Mèo Vạc District (Huyện Mèo Vạc) was a former district of Hà Giang Province, Vietnam. It covered an area of 584.73 km2, and had a population of 82,000 as of 2018.

== Geography ==
Mèo Vạc District bordered People's Republic of China's Yunnan Province and Guangxi Zhuang Autonomous Region to the north and east, Cao Bằng Province's Bảo Lâm District to the south, and Yên Minh District and Đồng Văn District to the west.

== History ==
On December 15, 1962, Mèo Vạc District was established by separating 16 communes from Đồng Văn District.

On December 27, 1975, Tuyên Quang Province and Hà Giang Province merged to form Hà Tuyên Province, and Mèo Vạc District was subsequently transferred to Hà Tuyên Province.

On May 14, 1981, two villages of Xín Cái Commune were transferred to the jurisdiction of Thượng Phùng Commune.

On October 21, 1982, three communes of Mèo Vạc District were transferred to Yên Minh District, while three communes of Yên Minh District were transferred to Mèo Vạc District.

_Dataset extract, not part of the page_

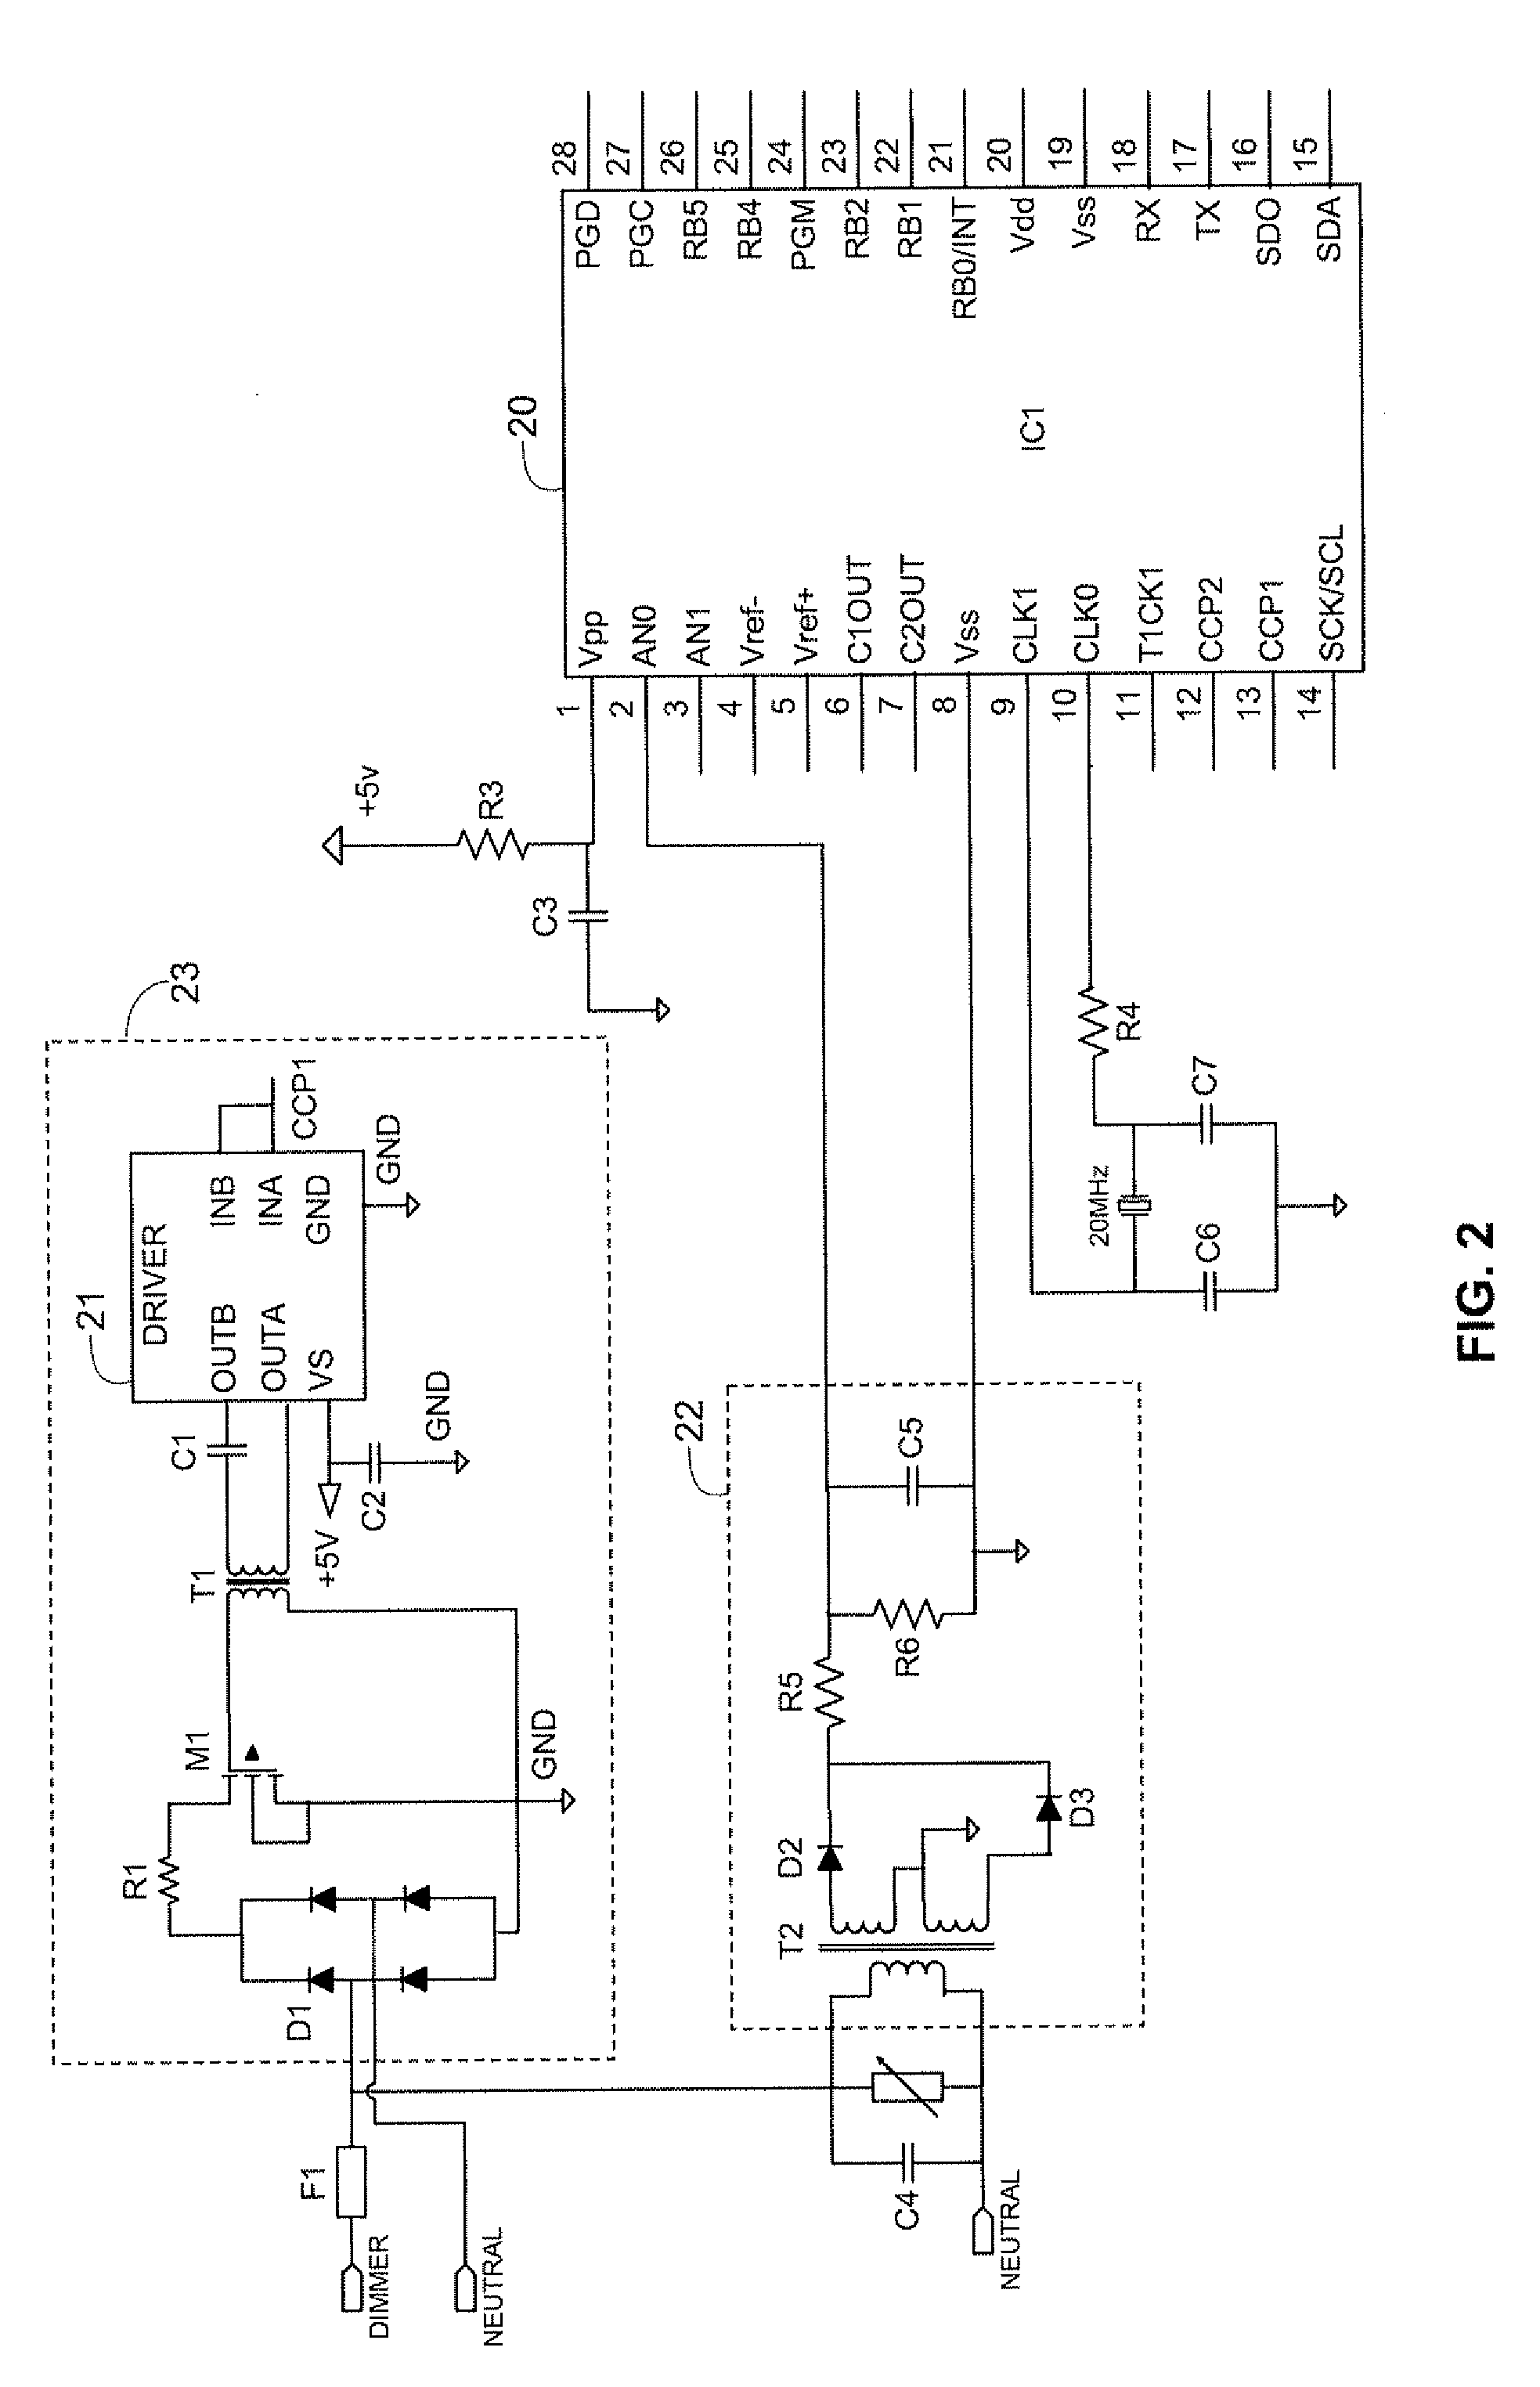 Controller and method for controlling an intensity of a light emitting diode (LED) using a conventional ac dimmer

On August 12, 1991, Hà Tuyên Province was re-divided into Tuyên Quang Province and Hà Giang Province, and Mèo Vạc District was subsequently transferred to Hà Giang Province.

On August 20, 1999, two villages of Sủng Trà Commune were transferred to Mèo Vạc Commune, and Mèo Vạc Commune was divided into Mèo Vạc Townlet and Tả Lủng Commune.

On August 9, 2005, Niêm Tòng Commune was separated from Niêm Sơn Commune and Khâu Vai Commune.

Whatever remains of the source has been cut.